Question

if t^2-4t+1=0 then the value of t^3+1/t^3 is

Answer 1

See the attachment for detail solution
Hope it will help you

Answer 2

Answer:

Value of $t^3+\frac{1}{t^3}$ is 52.

Step-by-step explanation:

Given: t² - 4t + 1 = 0

To find: Value of $t^3+\frac{1}{t^3}$

Using quadratic formula we find the solution of given quadratic equation.

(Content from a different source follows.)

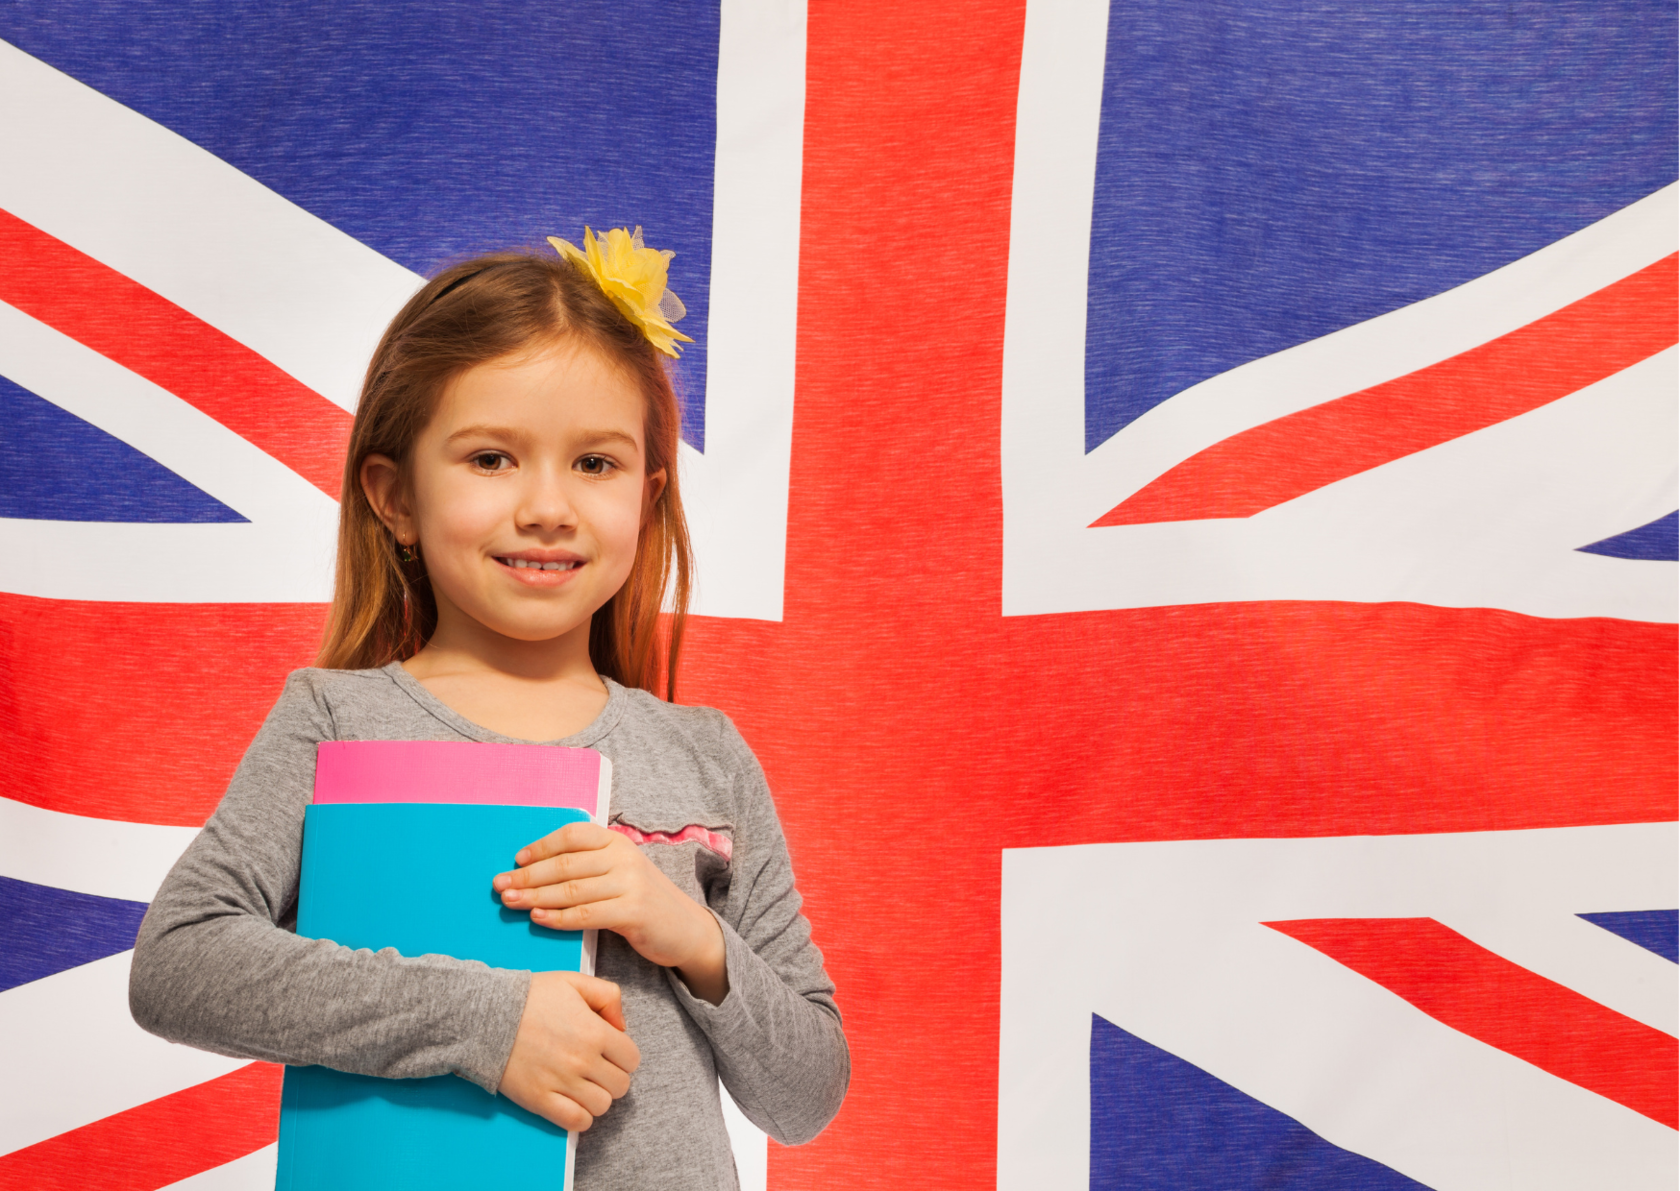 Английский ребенок россия. Английский для детей. Дети учат английский. Английский язык для детей. Ребенок с британским флагом.

$t=\frac{-b\pm\sqrt{b^-4ac}}{2a}=\frac{-(-4)\pm\sqrt{(-4)^2-4(1)(1)}}{2(1)}$

$t=\frac{4\pm\sqrt{16-4}}{2}=\frac{4\pm2\sqrt{3}}{2}=2\pm\sqrt{3}$

let, t = 2 - √3

then,

$\frac{1}{t}=\frac{1}{2-\sqrt{3}}=\frac{1}{2-\sqrt{3}}\times\frac{2+\sqrt{3}}{2+\sqrt{3}}=\frac{2+\sqrt{3}}{(2-\sqrt{3})(2+\sqrt{3})}=\frac{2+\sqrt{3}}{2^2-(\sqrt{3})^2}$

$t=\frac{2+\sqrt{3}}{4-3}=2+\sqrt{3}$

⇒ t + 1/t = 2 - √3 + 2 + √3 = 2 + 2 = 4

So,

(a + b)³ = a³ + b³ + 3ab( a + b )

a³ + b³ =(a + b)³ - 3ab( a + b )

put, a = t and b = 1/t

we get

$t^3+\frac{1}{t^3}=(t+\frac{1}{t})^3-3(t)(\frac{1}{t})(t+\frac{1}{t})=(4)^3-3(4)=64-12=52$

Therefore, Value of $t^3+\frac{1}{t^3}$ is 52.